Reproduce nothing but the closing run of lines: the line with "Wrought iron chair" and each line that follows it to the end of the data.

*** DATA SECTION Section Begins ***

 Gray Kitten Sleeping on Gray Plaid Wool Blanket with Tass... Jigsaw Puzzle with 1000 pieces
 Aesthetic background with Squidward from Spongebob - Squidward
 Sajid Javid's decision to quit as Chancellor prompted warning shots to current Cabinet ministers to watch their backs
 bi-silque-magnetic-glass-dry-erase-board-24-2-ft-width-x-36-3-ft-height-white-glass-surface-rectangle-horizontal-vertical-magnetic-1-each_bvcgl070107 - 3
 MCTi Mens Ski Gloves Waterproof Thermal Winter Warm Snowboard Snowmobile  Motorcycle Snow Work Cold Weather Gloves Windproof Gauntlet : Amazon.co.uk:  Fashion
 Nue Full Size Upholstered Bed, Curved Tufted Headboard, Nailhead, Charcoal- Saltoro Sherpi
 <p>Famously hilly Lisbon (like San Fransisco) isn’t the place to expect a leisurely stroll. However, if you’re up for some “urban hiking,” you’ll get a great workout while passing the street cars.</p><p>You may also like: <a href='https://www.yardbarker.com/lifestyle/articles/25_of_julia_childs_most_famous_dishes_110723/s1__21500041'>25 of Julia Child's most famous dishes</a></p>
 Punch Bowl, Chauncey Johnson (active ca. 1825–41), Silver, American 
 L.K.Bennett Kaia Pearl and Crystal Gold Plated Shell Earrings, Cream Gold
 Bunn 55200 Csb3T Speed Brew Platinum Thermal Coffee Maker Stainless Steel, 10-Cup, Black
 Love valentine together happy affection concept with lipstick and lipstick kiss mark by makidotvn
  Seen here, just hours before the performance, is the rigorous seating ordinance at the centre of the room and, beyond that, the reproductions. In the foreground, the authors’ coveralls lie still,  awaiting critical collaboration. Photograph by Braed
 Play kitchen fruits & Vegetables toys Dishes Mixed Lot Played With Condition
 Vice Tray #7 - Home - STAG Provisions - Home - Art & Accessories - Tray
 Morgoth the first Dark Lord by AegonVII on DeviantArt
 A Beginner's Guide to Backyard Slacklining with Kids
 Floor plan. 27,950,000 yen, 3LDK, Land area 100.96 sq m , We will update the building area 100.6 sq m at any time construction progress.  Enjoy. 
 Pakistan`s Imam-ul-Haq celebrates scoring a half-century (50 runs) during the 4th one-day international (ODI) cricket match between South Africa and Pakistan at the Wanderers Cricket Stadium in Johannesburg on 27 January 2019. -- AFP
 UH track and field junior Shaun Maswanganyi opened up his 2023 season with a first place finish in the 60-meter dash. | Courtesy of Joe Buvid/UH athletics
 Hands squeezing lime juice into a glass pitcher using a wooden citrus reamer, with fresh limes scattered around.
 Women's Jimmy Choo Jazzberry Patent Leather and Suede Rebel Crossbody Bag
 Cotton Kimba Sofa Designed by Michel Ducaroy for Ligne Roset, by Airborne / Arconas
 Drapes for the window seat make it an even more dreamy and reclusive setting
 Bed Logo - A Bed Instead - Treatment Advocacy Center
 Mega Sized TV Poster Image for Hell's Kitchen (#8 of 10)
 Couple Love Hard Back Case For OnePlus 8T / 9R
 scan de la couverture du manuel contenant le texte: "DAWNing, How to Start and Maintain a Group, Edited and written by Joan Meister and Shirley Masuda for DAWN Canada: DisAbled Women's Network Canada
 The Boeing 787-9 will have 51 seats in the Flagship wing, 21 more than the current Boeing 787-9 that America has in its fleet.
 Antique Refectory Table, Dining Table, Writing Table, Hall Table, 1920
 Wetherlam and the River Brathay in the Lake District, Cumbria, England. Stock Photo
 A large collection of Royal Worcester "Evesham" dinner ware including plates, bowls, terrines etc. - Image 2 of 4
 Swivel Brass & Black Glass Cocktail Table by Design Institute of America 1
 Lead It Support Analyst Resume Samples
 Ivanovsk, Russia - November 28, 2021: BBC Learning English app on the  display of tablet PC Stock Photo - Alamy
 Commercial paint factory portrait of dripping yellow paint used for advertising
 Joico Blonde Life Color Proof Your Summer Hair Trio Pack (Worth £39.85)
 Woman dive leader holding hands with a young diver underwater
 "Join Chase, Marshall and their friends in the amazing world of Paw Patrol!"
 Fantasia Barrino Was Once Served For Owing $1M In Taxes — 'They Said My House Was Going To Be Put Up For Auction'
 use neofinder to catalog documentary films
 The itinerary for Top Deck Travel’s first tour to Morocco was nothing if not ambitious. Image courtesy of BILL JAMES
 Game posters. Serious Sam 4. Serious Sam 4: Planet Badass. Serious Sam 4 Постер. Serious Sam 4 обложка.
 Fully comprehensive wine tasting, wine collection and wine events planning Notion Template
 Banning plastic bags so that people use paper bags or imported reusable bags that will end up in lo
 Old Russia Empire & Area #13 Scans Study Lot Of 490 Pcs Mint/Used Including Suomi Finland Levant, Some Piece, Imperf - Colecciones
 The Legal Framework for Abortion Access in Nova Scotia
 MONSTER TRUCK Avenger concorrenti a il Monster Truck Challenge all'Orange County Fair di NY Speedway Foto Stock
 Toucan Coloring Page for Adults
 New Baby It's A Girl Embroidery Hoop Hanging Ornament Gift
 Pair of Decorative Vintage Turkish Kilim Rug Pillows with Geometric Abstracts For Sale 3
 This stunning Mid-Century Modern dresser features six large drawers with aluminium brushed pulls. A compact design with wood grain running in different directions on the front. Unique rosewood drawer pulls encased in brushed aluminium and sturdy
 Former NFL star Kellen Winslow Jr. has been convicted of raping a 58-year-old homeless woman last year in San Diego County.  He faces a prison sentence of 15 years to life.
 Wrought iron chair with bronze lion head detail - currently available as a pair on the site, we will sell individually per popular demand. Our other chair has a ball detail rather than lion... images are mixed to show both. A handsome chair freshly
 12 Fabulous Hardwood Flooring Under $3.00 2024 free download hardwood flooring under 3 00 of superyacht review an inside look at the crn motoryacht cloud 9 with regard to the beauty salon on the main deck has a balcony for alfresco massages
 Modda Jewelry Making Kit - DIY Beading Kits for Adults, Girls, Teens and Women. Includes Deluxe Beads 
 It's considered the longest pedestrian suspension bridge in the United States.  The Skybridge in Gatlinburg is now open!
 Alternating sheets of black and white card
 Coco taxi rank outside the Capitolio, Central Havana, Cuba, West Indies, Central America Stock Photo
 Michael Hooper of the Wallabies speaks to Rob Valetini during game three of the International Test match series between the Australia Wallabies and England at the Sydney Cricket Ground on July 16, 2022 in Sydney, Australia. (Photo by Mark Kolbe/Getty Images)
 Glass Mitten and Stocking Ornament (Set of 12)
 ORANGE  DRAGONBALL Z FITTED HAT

*** DATA SECTION Section Ends ***

_SOLUTION TO THE EXERCISE:_
 Wrought iron chair with bronze lion head detail - currently available as a pair on the site, we will sell individually per popular demand. Our other chair has a ball detail rather than lion... images are mixed to show both. A handsome chair freshly
 12 Fabulous Hardwood Flooring Under $3.00 2024 free download hardwood flooring under 3 00 of superyacht review an inside look at the crn motoryacht cloud 9 with regard to the beauty salon on the main deck has a balcony for alfresco massages
 Modda Jewelry Making Kit - DIY Beading Kits for Adults, Girls, Teens and Women. Includes Deluxe Beads 
 It's considered the longest pedestrian suspension bridge in the United States.  The Skybridge in Gatlinburg is now open!
 Alternating sheets of black and white card
 Coco taxi rank outside the Capitolio, Central Havana, Cuba, West Indies, Central America Stock Photo
 Michael Hooper of the Wallabies speaks to Rob Valetini during game three of the International Test match series between the Australia Wallabies and England at the Sydney Cricket Ground on July 16, 2022 in Sydney, Australia. (Photo by Mark Kolbe/Getty Images)
 Glass Mitten and Stocking Ornament (Set of 12)
 ORANGE  DRAGONBALL Z FITTED HAT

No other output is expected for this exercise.